Please set down exactly the lines from the one that contains "ColorBond Leather, Vinyl" through the end of the material, leaving out every picture.

- **DATA EXCERPT**
-*-
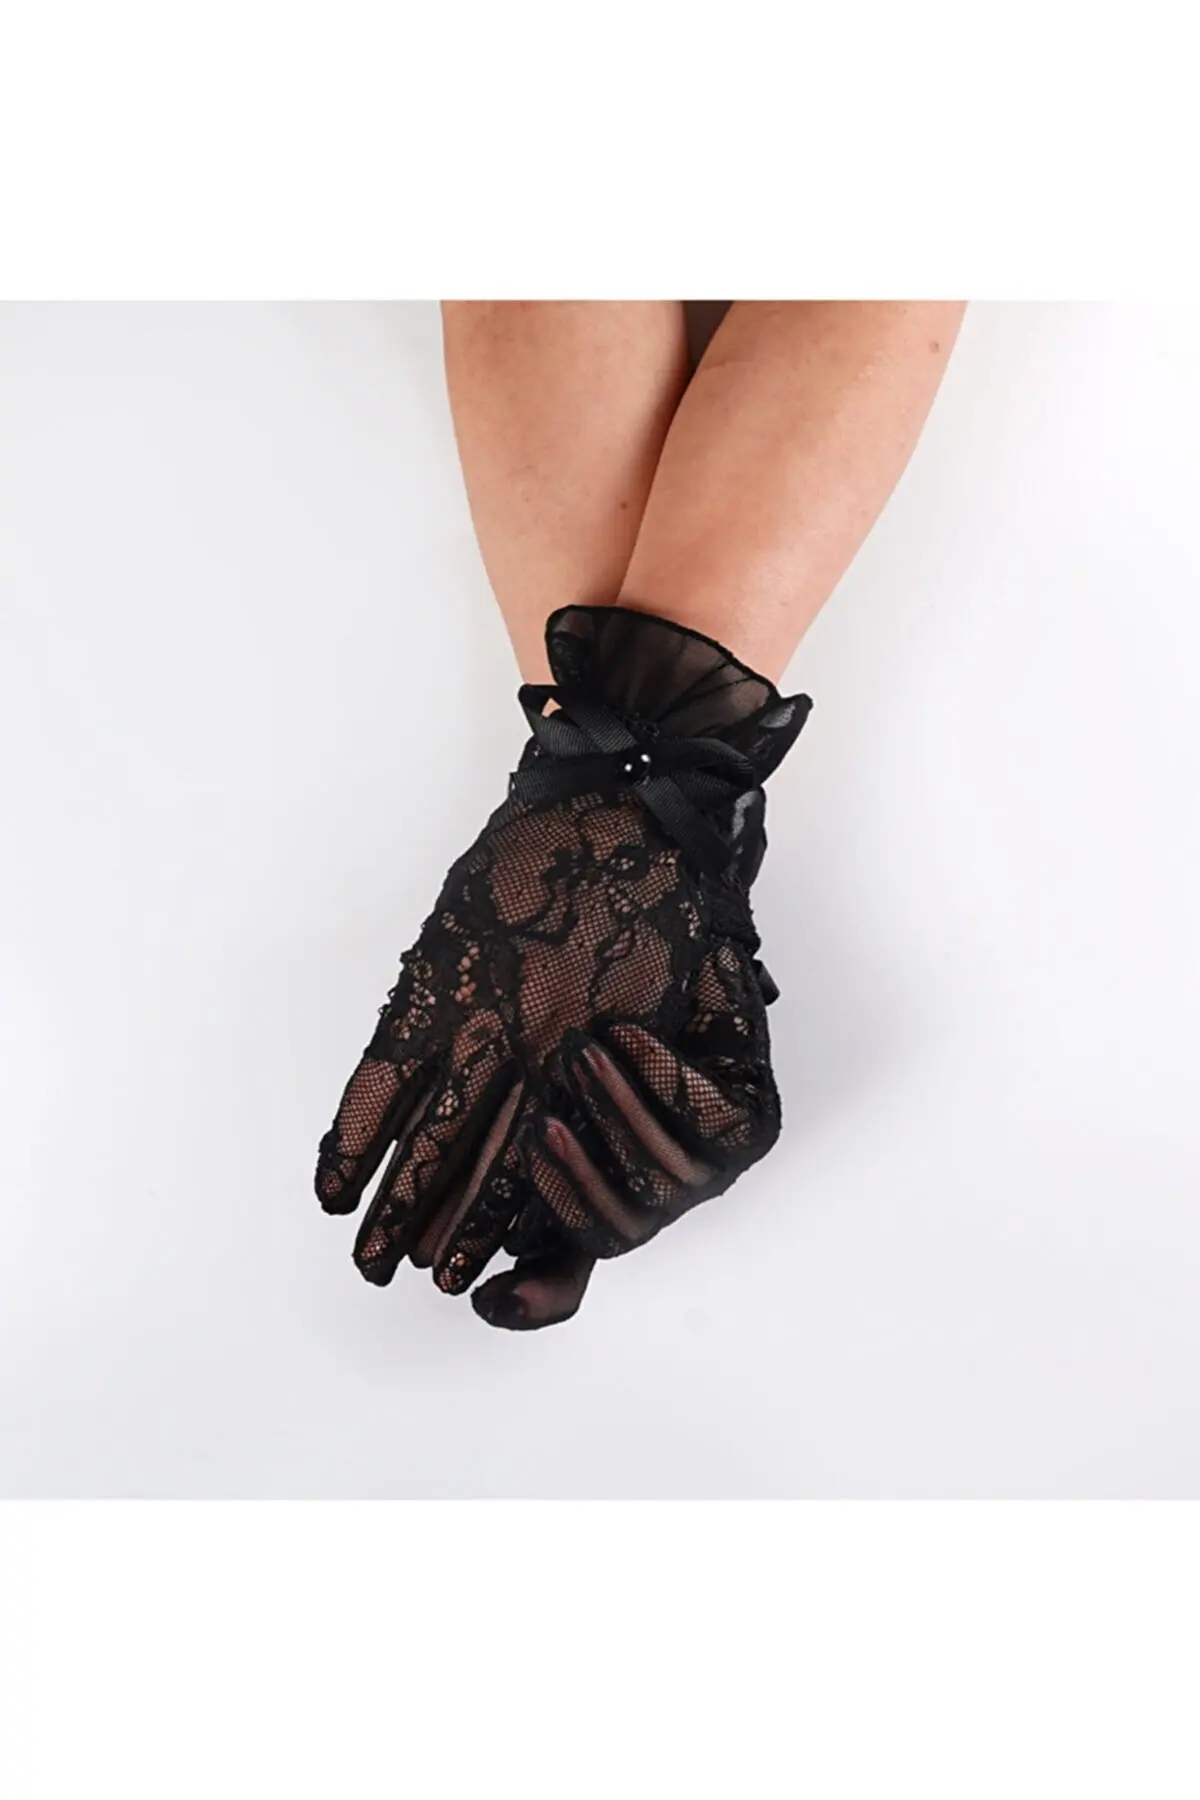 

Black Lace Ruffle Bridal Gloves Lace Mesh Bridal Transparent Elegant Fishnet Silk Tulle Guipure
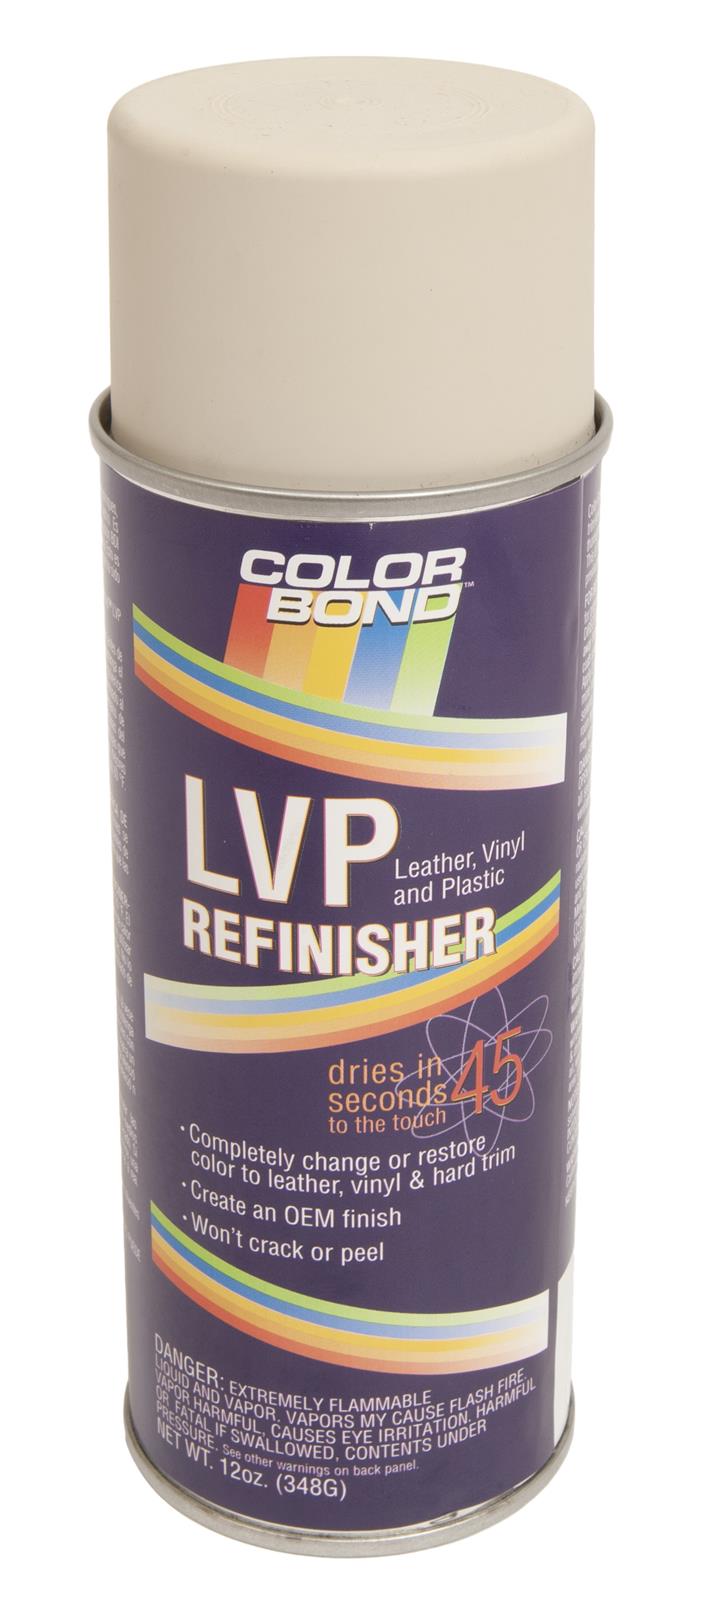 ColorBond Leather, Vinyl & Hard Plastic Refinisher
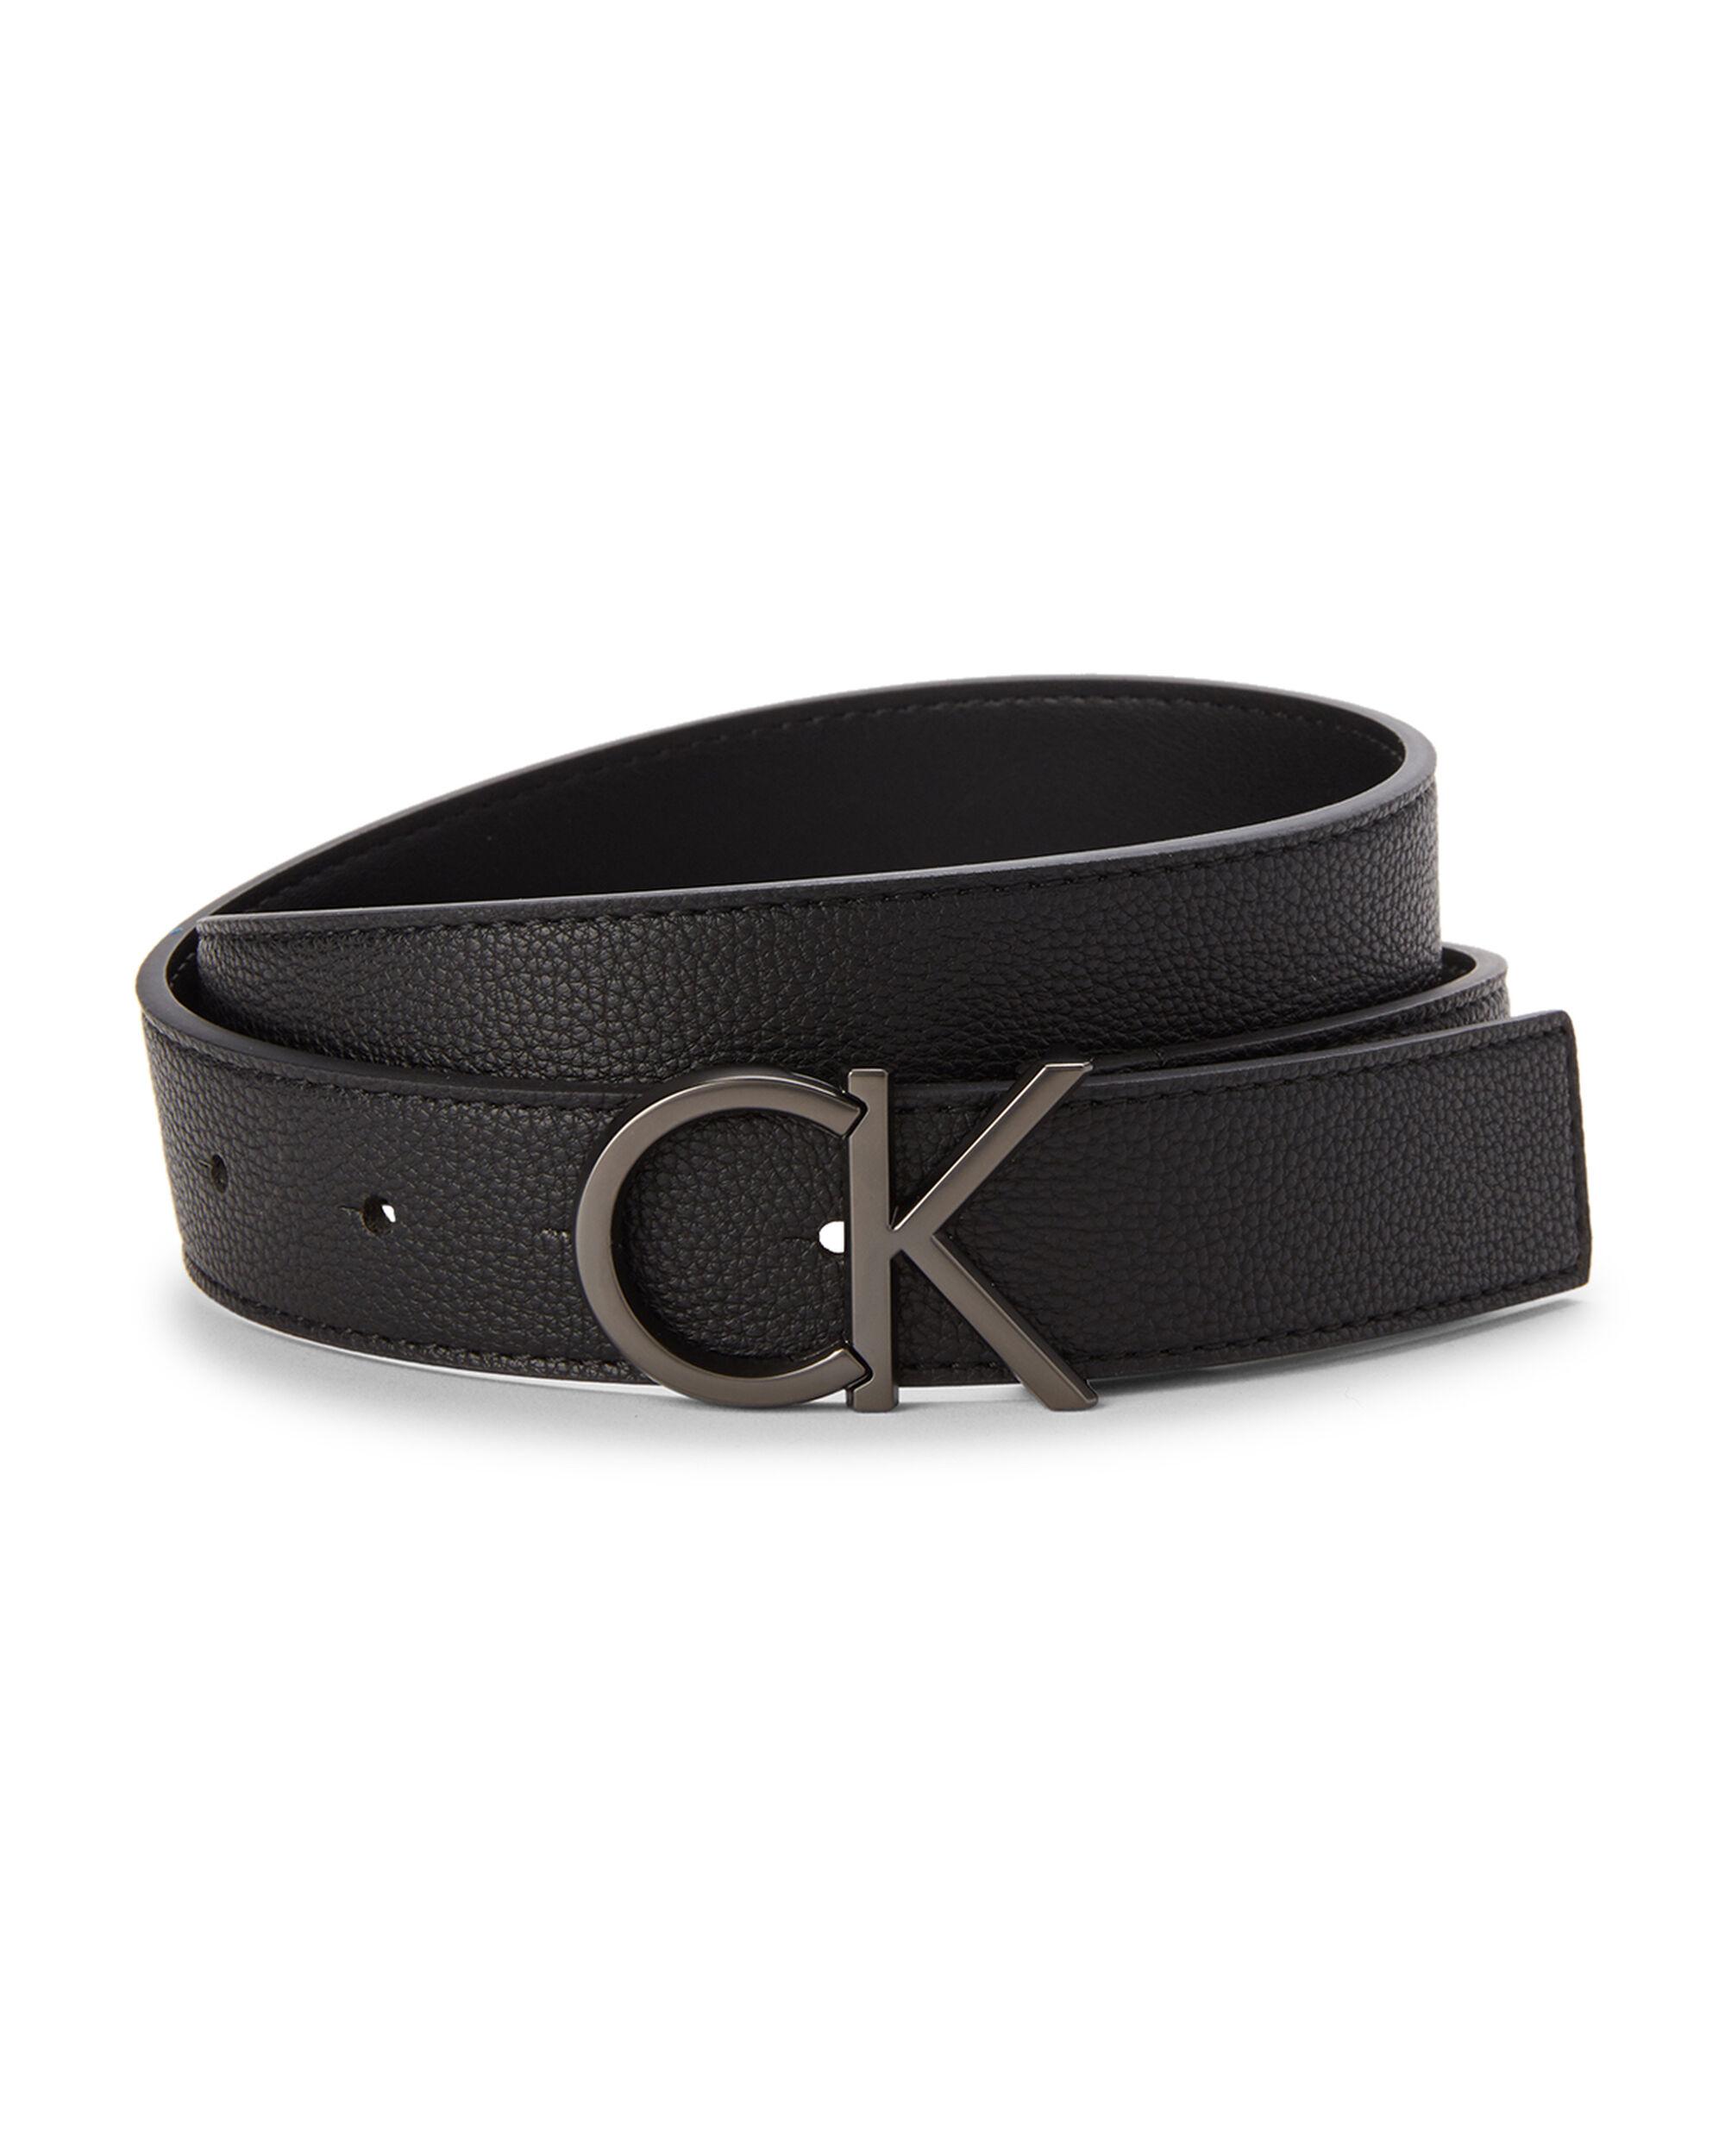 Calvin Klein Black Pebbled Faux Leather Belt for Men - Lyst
-*-
- **PROBLEM SOLUTION**
 ColorBond Leather, Vinyl & Hard Plastic Refinisher
 Calvin Klein Black Pebbled Faux Leather Belt for Men - Lyst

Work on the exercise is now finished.